Focused on tackling this physical impediment next, the Rothko Pavilion hopefully aims to solve this inconsistency in considering the needs of patrons, bolstering museum attendance and highlighting works exhibited, such as We., all while paying respect to the existing structures of the buildings. Revisions such as extending the hours of the Pavilion and constructing it in glass to enhance visibility and passage are currently in the works. In adhering to the PAM’s mission of creating a space welcome to all, it proves vital that the Rothko Pavilion mirror those significant strides in bridging fine art with the larger Portland community. Which, in Portland, this task of breaching and infiltrating the intimidating world of contemporary art and its (at-times) abrasive and secretive nature can be a daunting feat. For artists and appreciators alike, it seems the only way to be in the know is already be deeply embedded within the city’s aloof art world -- a world that brags about its diversity and inclusivity while at the same time attracting and obstructing the same trickle of visitors for each event.

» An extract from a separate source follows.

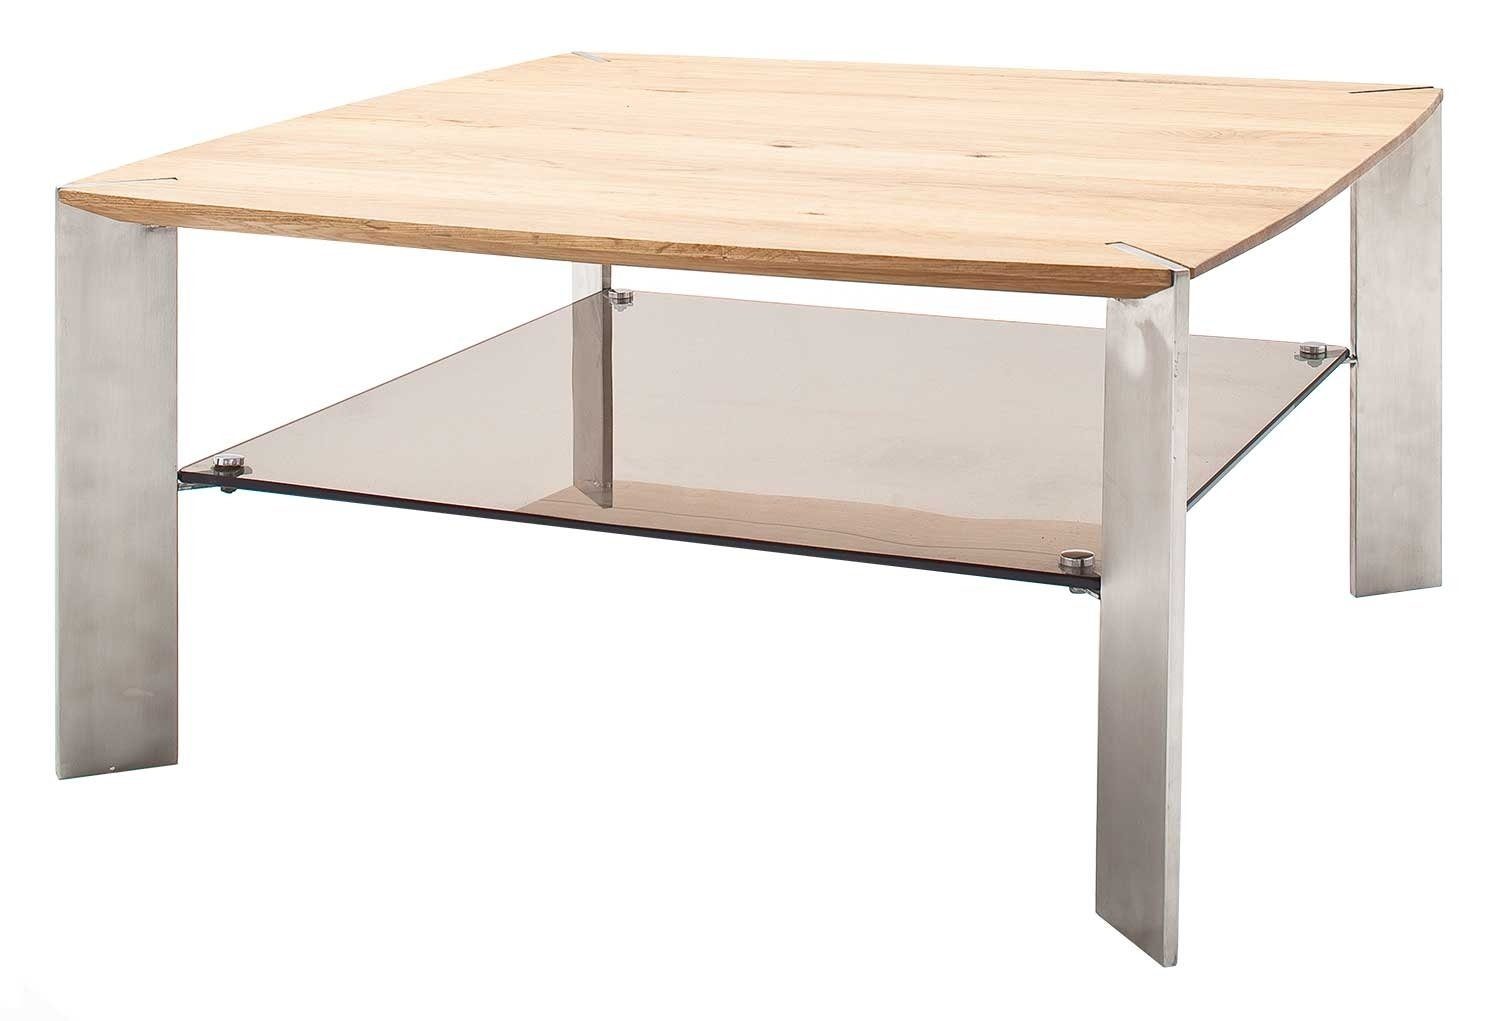 Tisch für Tischbeine MCA (Wohnzimmer cm, Edelstahl), Ablageflächen Fernbedienungen aus Ablage Nelia mit Couchtisch quadratisch, Asteiche 80x80 furniture bronziert, Glas, massiv,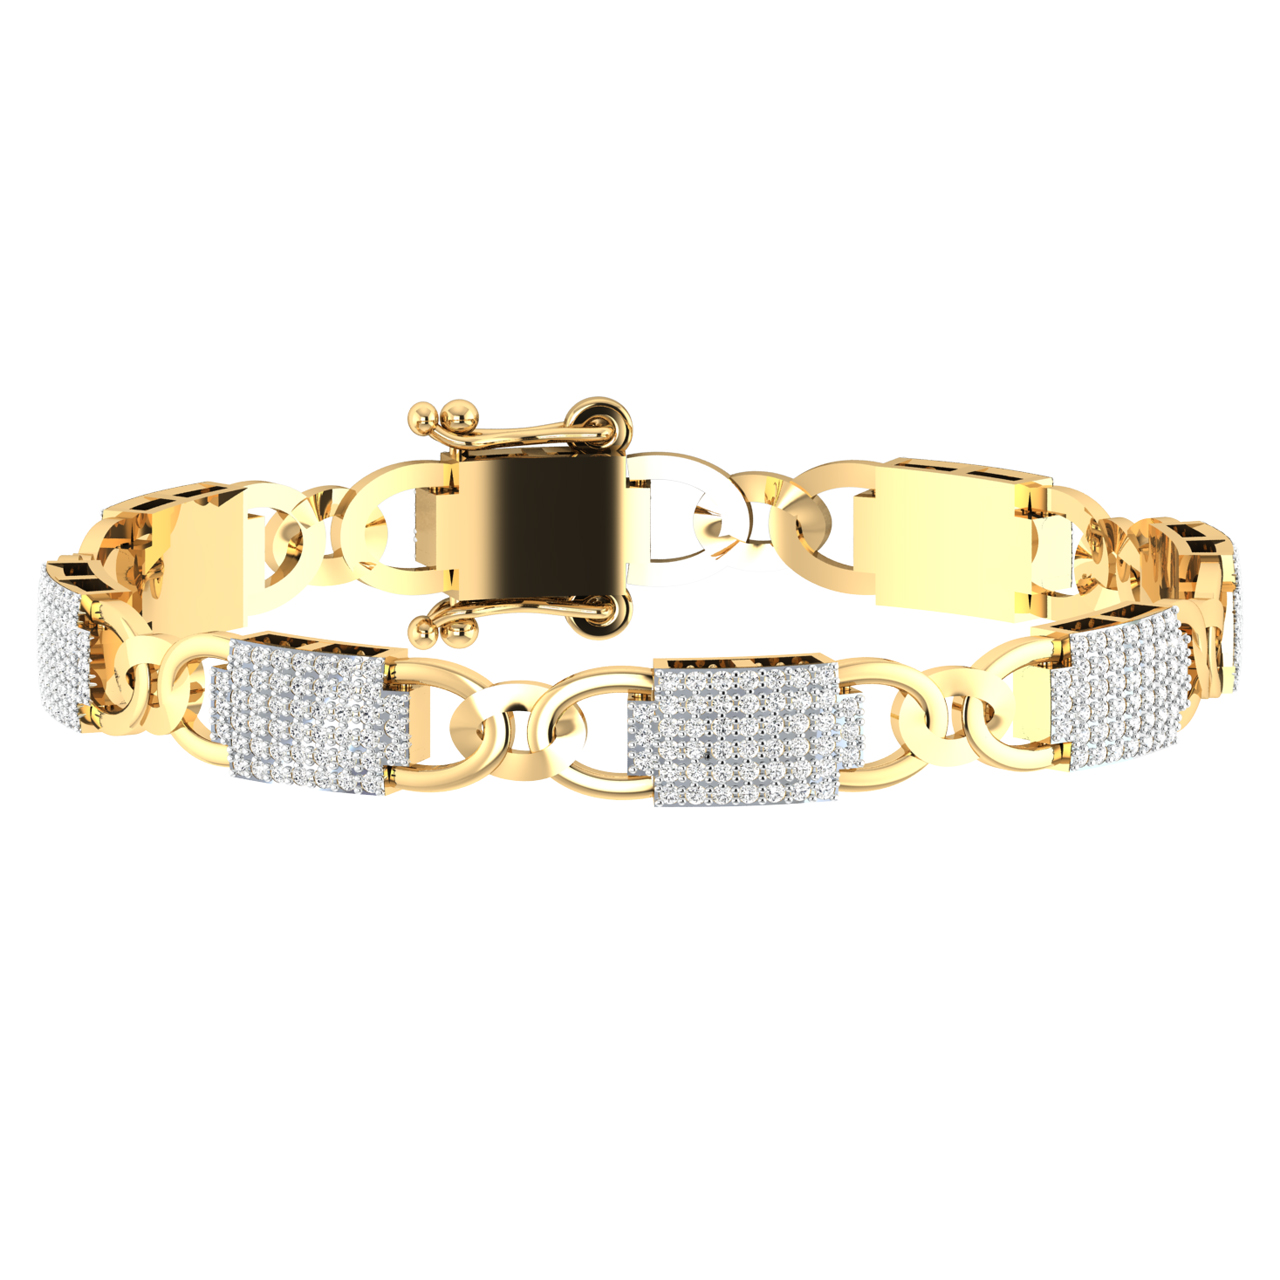 Lock Design Diamond Bracelet For Men

Although social media and city planning has recently played a large part in expanding this circle of reception, We.Construct.Marvels.Between.Monuments does something more direct by approaching this task at a different angle. With these installations, Werbel is on her way to  envisioning an almost complete transcendence of boundaries between independent artists, activists, and artists spaces. Focusing strongly on a sense of community, We. is co-organized with Publix Annex and highlights the talent of six local artists from Public Annex, OUTPOST1000, OSLP, and Albertina Kerr, all programs from the surrounding area that support artists with disabilities. The works of Ricky Bearghost, Kurt Fisk, Perry Johnson, Elmeator Morton, Lawrence Oliver, and Dawn Westover bring to light what public and private spaces can do to encourage and nurture the work of artists with varying abilities, and allow for a wider range and integration of their perspectives. Considering the inextricable ties between public art and the propagation of knowledge and messages, she asks how this series could potentially serve to reformulate the practice of contemporary art and what the future of its Institution as a whole has the potential to become. She succeeds in actualizing a warm environment in which these works thrive, the only challenge being the museum’s still somewhat limiting structural design. Although no definitive moves have been on the Rothko Pavilion as it stands, We.Construct.Marvels.Between.Monuments is a marvel in itself; a promising step towards the type of all-inclusive art scene that Portland has always been portrayed as and has demonstrated it has the power and dedication to be.

We. runs through February 18th and is accompanied by a monthly contemporary trends class hosted by Public Annex the first Thursday of each month at 5pm in the museum space. The class allows for a discovery and discussion of the museum amongst those who identify with disabilities as well as those who don’t.